Verónica Di Toro, Marcolina Dipierro, Lucio Dorr y Mariano Ferrante
Coordination: RedGalería / Santiago Bengolea
Opening: Saturday September 18, 5PM.
Sponsored by TENARIS From Saturday September, 18
RAM is a set of site-specific installations produced by artists Verónica Di Toro, Marcolina Dipierro, Lucio Dorr and Mariano Ferrante, and coordinated by RedGalería / Santiago Bengolea. It will open this Saturday September 18 at 5PM.
RAM brings together four installations on different spaces of Proa, which each artist selected to give a new perspective on the building’s architecture.
RAM is a word recently added to the dictionary to describe a contemporary event. RAM is the computer’s memory capacity, which, unlike other memories, is defined as random, volatile.
Bengolea comments: “The decision of naming this project RAM is based on the fact that modern life retrieves the concept of memory and, in this way, the works are part of the tradition of Art History.”

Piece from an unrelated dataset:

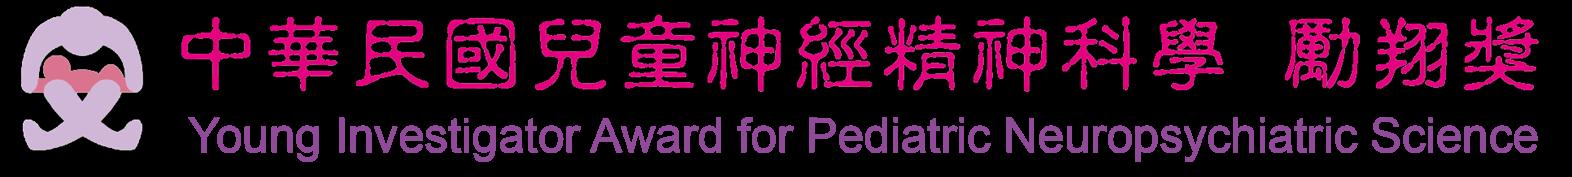 中華民國 兒童神經精神科學 勵翔獎 - Young Investigator Award for Pediatric Neuropsychiatric Science

Mural painting is in the origins of Art itself (Altamira). It gains special relevance during the medieval ages because of its religious background. During the 20th Century, it was re-introduced to acknowledge political and social contents. RAM takes part in this tradition as the artists produce their works in the wall creating a dialogue with surrounding architecture.
Conceptual art introduces a new way of producing art since it abandons the pictorial gesture and recovers concept over execution. From Duchamp’ s urinal to Sol LeWitt’ s premises on conceptual art and abstract mural painting, art is no longer subjected to the notion of author or original.
RAM presents works produced in vinyl and plotter, using new technologies enabling the execution of monumental art works.
Geometrical, abstract and optic art movements are a common denominator of the artists of RAM. All of them suppress the figurative image and retrieve geometry, movement, glass and visual ambiguity.
These concepts incorporated in history as memory are present in RAM: chance, randomness, and movement, as part of a continuously shifting present state.